Final answer:
The product (a-b)(a-c)(b-c) of three distinct prime numbers greater than 3 is divisible by 48, due to each factor being even (thus divisible by 2) and one being divisible by 4 and another being a multiple of 3.
Step-by-step explanation:
We are given three prime numbers greater than 3, and they are represented as (a-b)(a-c)(b-c). Since all three primes are greater than 3, they must be odd. When we subtract one odd number from another, the result is always even. This means that each of the factors, (a-b), (a-c), and (b-c), is an even number. Moreover, because the difference between any two distinct prime numbers greater than 3 is at least 2, each of these even numbers is divisible by at least 2.
Next, we observe that one of these even numbers must be divisible by 4. If we consider the differences between our prime numbers a, b, and c, at least one of these must be even and not just twice an odd number (which would yield a result divisible by 2, but not necessarily by 4).

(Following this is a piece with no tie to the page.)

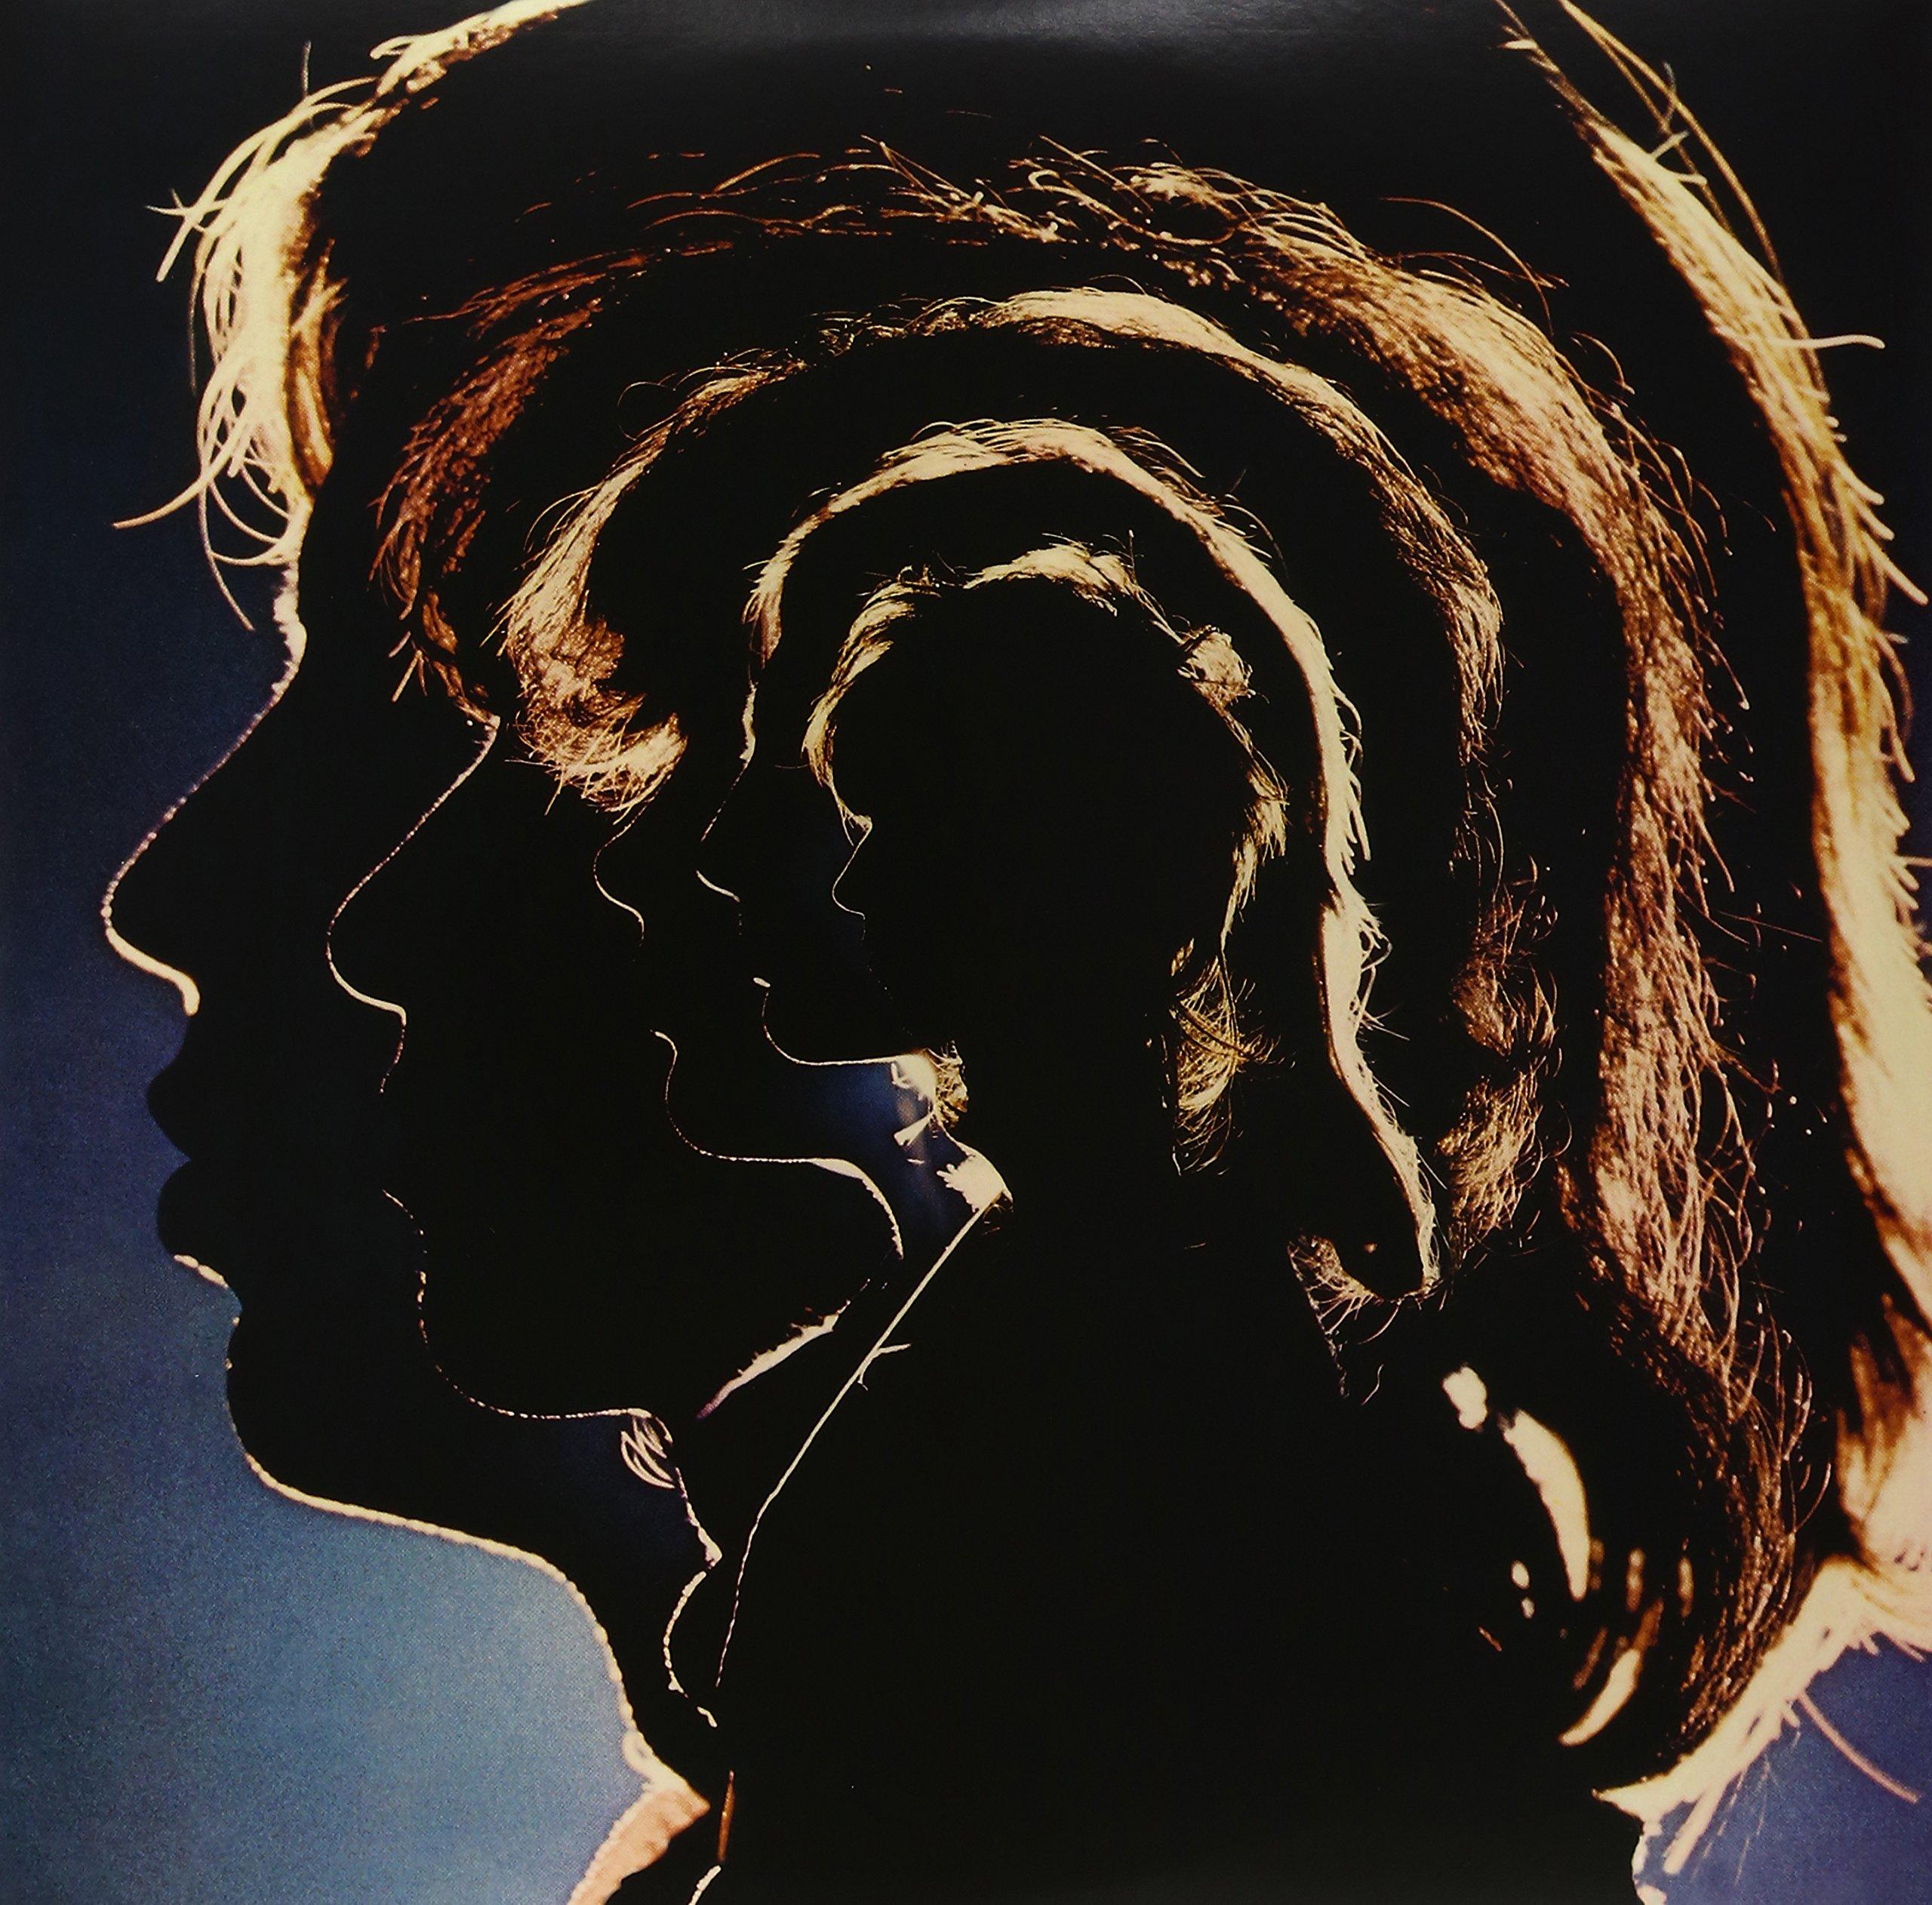 Hot Rocks, 1964-1971 [Vinyl] by UMGD-ABKCO

Since the primes are distinct and greater than 3, one of the differences will be divisible by 4. This addresses divisibility by 2 and 4.

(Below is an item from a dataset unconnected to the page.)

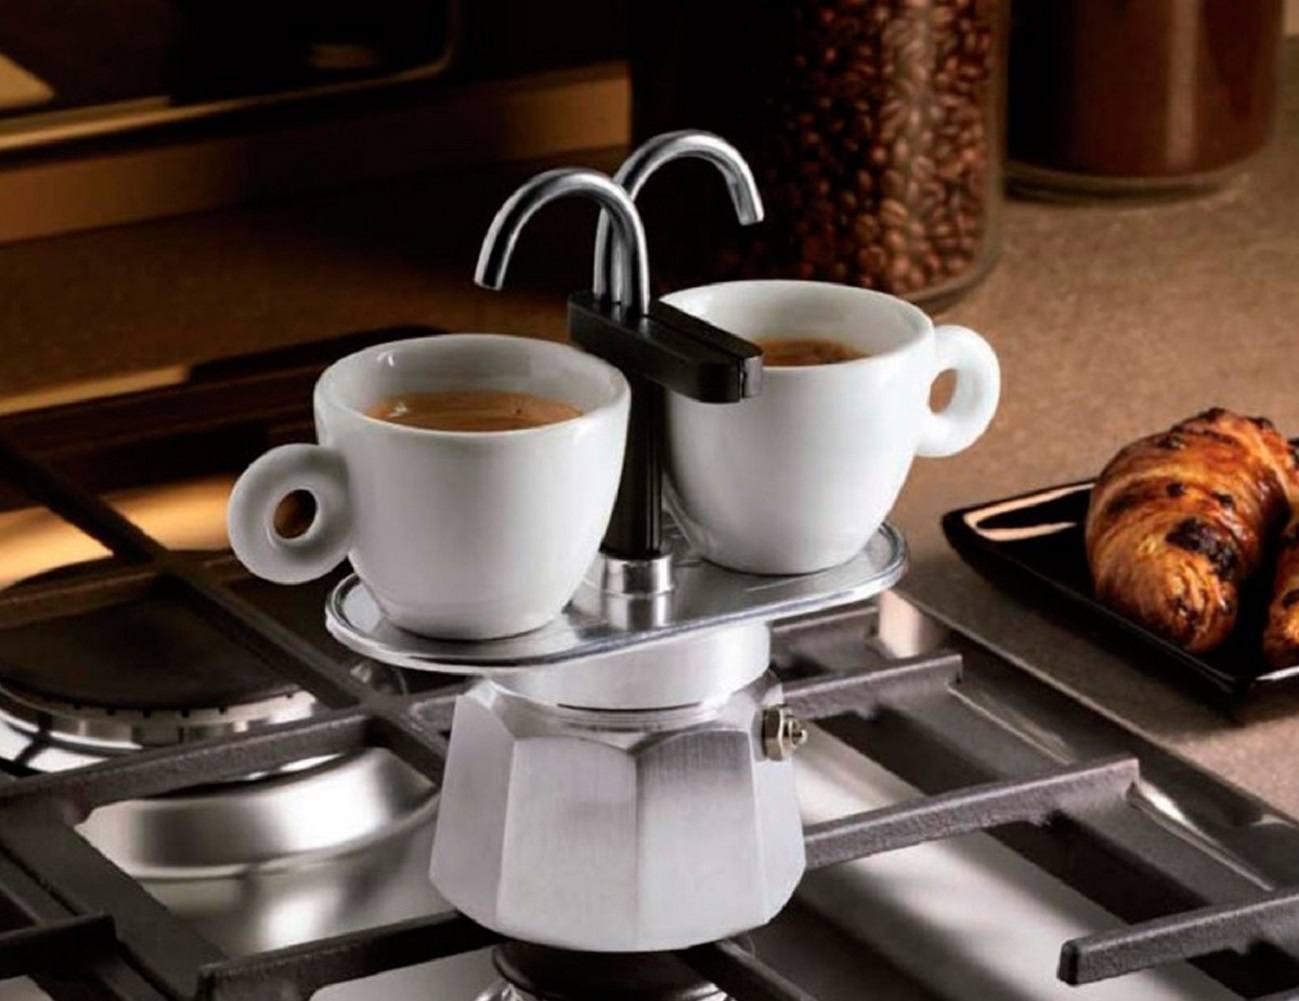 Bialetti Mini Express 2-Cup Stovetop Percolator

Additionally, since we have three distinct, odd primes, at least one of the differences (a-b), (a-c), or (b-c) must be a multiple of 3. As prime numbers are more than 3, they can't be multiples of 3, so the only way for their difference to be a multiple of 3 is if it spans across a multiple of 3, which necessitates that it is indeed divisible by 3.
Therefore, the product (a-b)(a-c)(b-c) is divisible by 2 from each factor, 4 from the larger even factor, and 3 from the factor that spans the multiple of 3. The product of these divisors is 2*2*2*2*3, which equals 48. Thus, (a-b)(a-c)(b-c) is always divisible by 48.